Include the following metadata about each paragraph:
A. [If possible] Number of pageviews to the article (all-time)
B. Number of pageviews to the article (last 90 days)

@diego, do you know if there is any Hive table in Data Lake that contains aggregate pageviews per article? Would really appreciate your insights on this :)

@diego, do you know if there is any Hive table in Data Lake that contains aggregate pageviews per article? Would really appreciate your insights on this :)

You could use the pageview-hourly table, which contains aggregated number of pageviews per article (use the page_id to also get pageviews from redirects). You would only need to aggregate over a corresponding time window. (I am not Diego, but thought I would chime in when I saw the update). Hope this helps.

Thanks @MGerlach , I agree that is the main source of pageviews readable from Spark. I'm not aware of anything aggregated in larger buckets.

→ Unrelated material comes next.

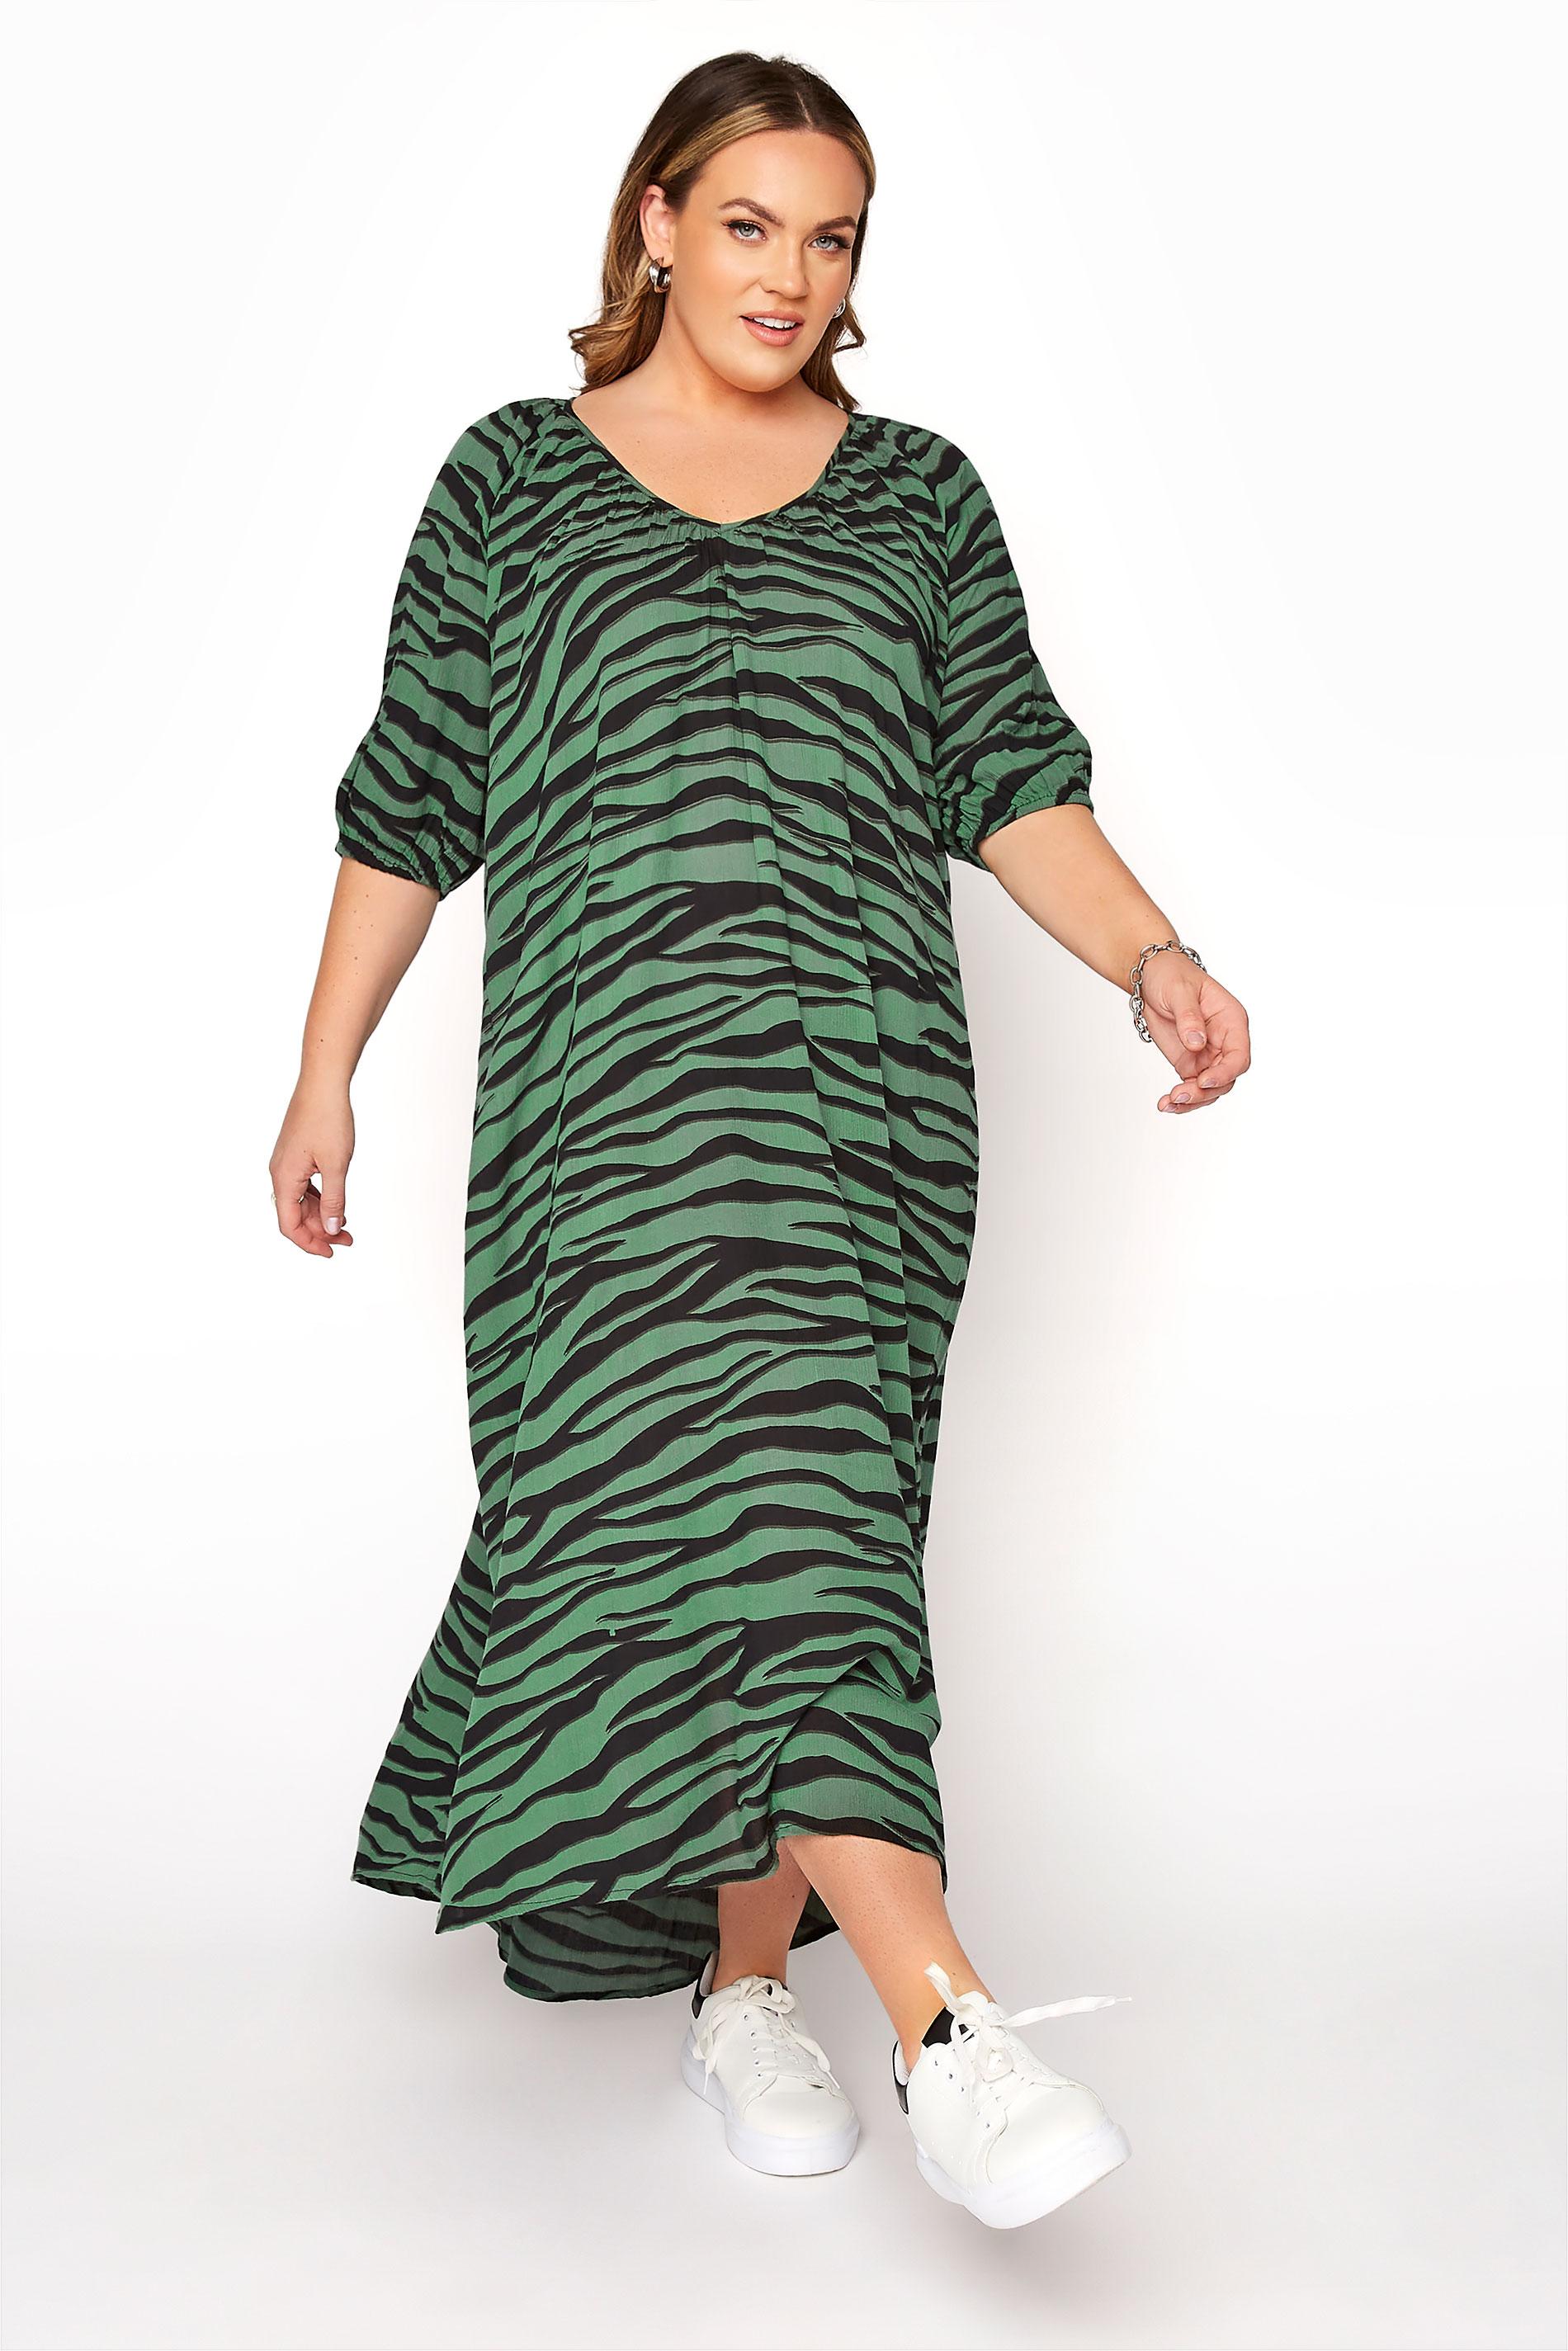 LIMITED COLLECTION Green Zebra Print Midaxi Dress_A.jpg

There is also a pageviews_daily (significantly smaller than the hourly) but it is just available in turnilo and think it doesn't have article level information.

The knowledge gap pipeline (which is snapshot based) aggregates the historical pageviews too, as the pageview-hourly dataset is sizable for larger time ranges. The knowledge_gaps.pageviews_daily contains a subset of pages (wikipedia, namespace 0 , agent_type=user) has a minimal schema and partitioned by date (i.e. day), one day of data is about is ~4GB of data compared to ~25GB for pageviews-hourly. The code is here. The dag runs weekly.

@MGerlach @diego @fkaelin Wow thank you for all your input! <3 I checked out the knowledge_gaps.pageviews_daily table and it's super easy to use :D

Data collection is complete and this spreadsheet has been updated.

Summary:

  • Estimated number of structured tasks we can generate: 49,327 (enwiki; large wiki); 1,851 (cswiki; small wiki)
    • For enwiki, articles about people contribute the most estimated tasks (~28k), followed by articles about businesses (~10k)
    • For cswiki, while the number of positive paragraphs exceeds enwiki in sample articles, paragraphs with probability ≥ 0.8 are much fewer, sometimes none. Lowering the threshold to 0.7 would yield much more tasks. For example, we'd have 13,339 estimated tasks with probability ≥ 0.7 in articles about people.
  • Some article types received no positive predictions with a probability score ≥ 0.8 in our random sample of 50 articles. This suggest the sample size may be too small for certain article types. For example, among 956,776 articles about sports in English, our sample of 50 articles gives 0 positive predictions with a probability score ≥ 0.8. We should try larger sample sets to verify this.
  • The quality of structured tasks generated needs evaluation
    • I've added sample article paragraphs that received positive predictions with high probability scores, including metadata about each article, to the EN/CS tabs in the spreadsheet.
  • For cswiki, while the number of positive paragraphs exceeds enwiki in sample articles, paragraphs with probability ≥ 0.8 are much fewer, sometimes none. Lowering the threshold to 0.7 would yield much more tasks. For example, we'd have 13,339 estimated tasks with probability ≥ 0.7 in articles about people.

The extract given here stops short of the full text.